Monitoring the status of critically-ill patients in the hospital can be difficult because of the need to make high-stake decisions. It's important in intensive care to have seconds.

According to the study, the role could soon be filled by an automated system. Software could be trained to spot changes in a person's consciousness from simple markers that are already being recorded, according to researchers.

While vital signs such as heart rate and blood pressure are tracked continuously using monitors, brain function and consciousness are much harder to monitor.

The monitoring of brain functions could be continuous and constant in the hands of an electronic system.

It's still early days in developing such technology, but preliminary results suggest it's a feasible approach, and it would be relatively easy and affordable to implement in most intensive care units. It could possibly be used in bedside monitoring equipment.

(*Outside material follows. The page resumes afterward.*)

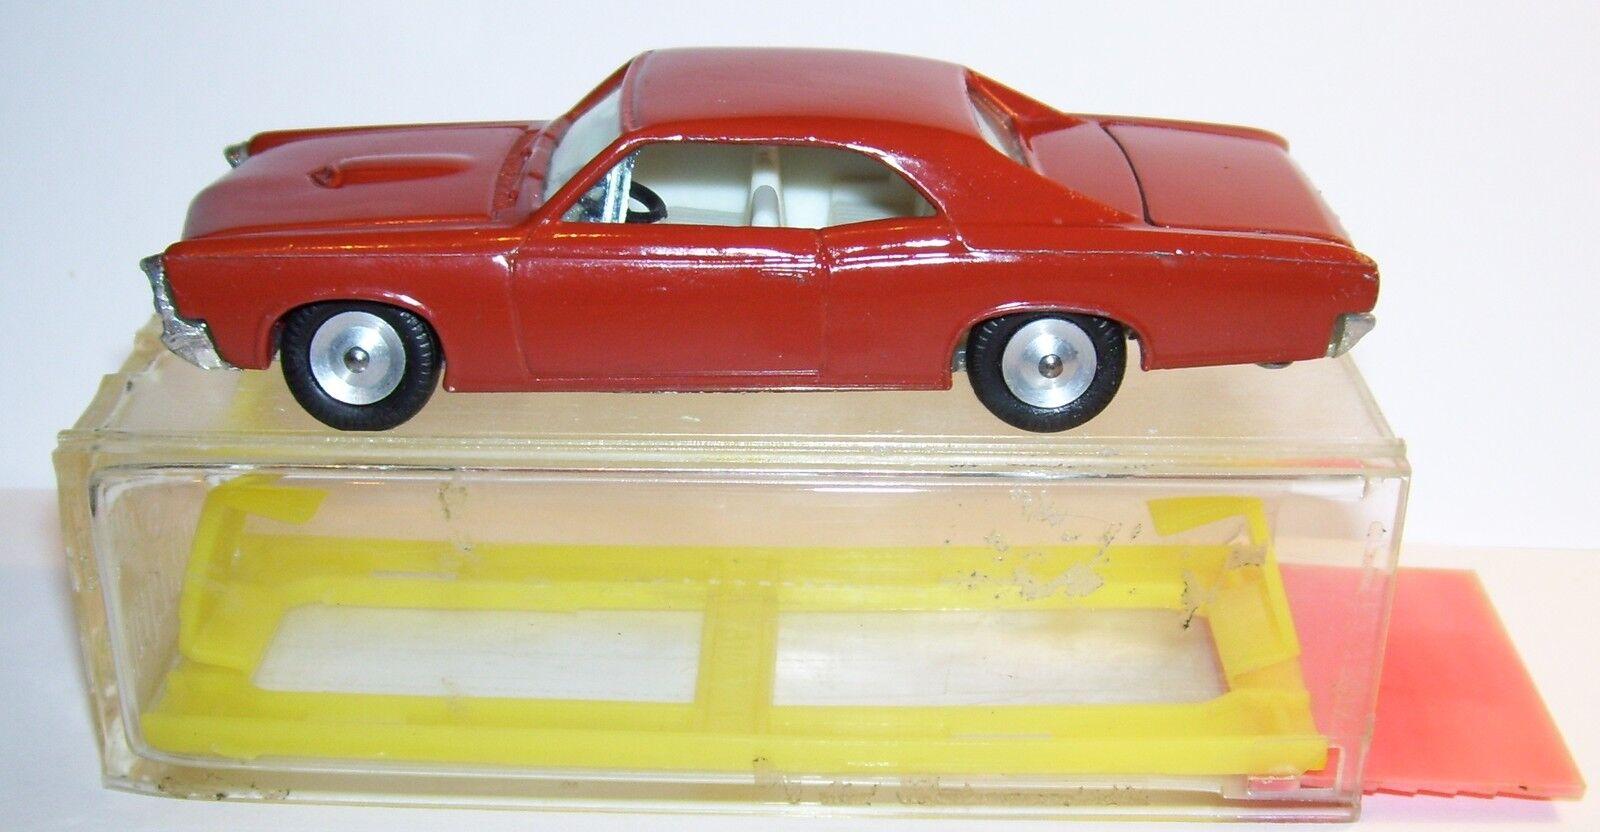 OLD RARE GAMDA KOOR SABRA  idem CRAGSTAN PONTIAC GTO 1969 REF 8107 ISRAEL IN BOX  prix bas 40%
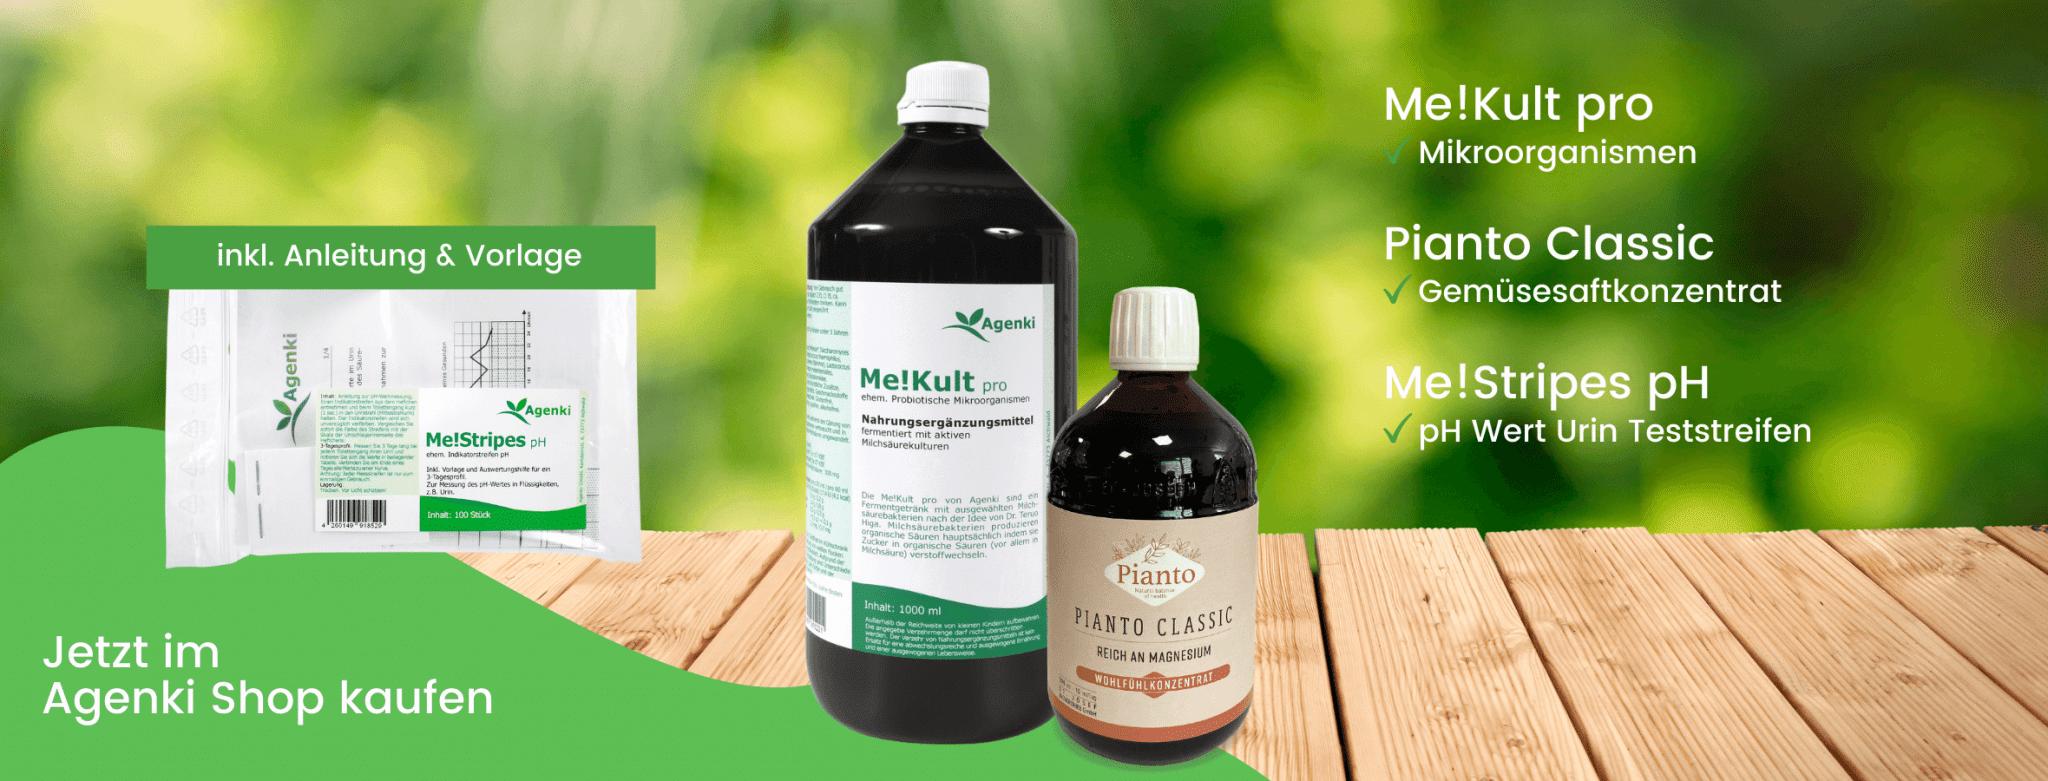 Me!Kult pro Mikroorganismen, Pianto Classic & Me!Stripes pH pH Wert Urin Teststreifen - Agenki

"Consciousness isn't a light switch that's on or off, it's more like a dimmer switch, with degrees of consciousness that change over the course of the day."

One data point is obtained if you only check patients once a day. You could see a clearer picture with our method.

The researchers were able to track feeds from a number of emergency room sensors, including heart rate, breathing rate, brain temperature, and blood oxygen levels. There is no need for the patient to be alert or awake.

Data from a total of 239 patients with hemorrhages were analyzed in the study, allowing the team to map levels of consciousness against the sensor readings, before using that data to develop an algorithm that could determine the former.

It was possible to classify patients' states of consciousness just as well as trained clinicians and more complex, expensive equipment.

It means that the tool could be used in virtually any hospital setting, not just neurological intensive care units.

There is still a lot of work to be done. It hasn't been shown that the system can accurately predict consciousness 24/7.

Existing methods for checking up on patients can take a lot of time and can only be done occasionally. The patient needs to be responsive or have expensive equipment. All those problems will be solved by this.

As well as decreasing the demands on health professionals, the researchers think their newly developed algorithm can improve outcomes for patients, as well as inform future research into the somewhat mysterious state of consciousness

Kleinberg says that consciousness is hard to study because there isn't much data to work with. It could be possible to treat these patients more effectively if round-the-clock data showed how patients' consciousness changes.

The research has appeared in a journal.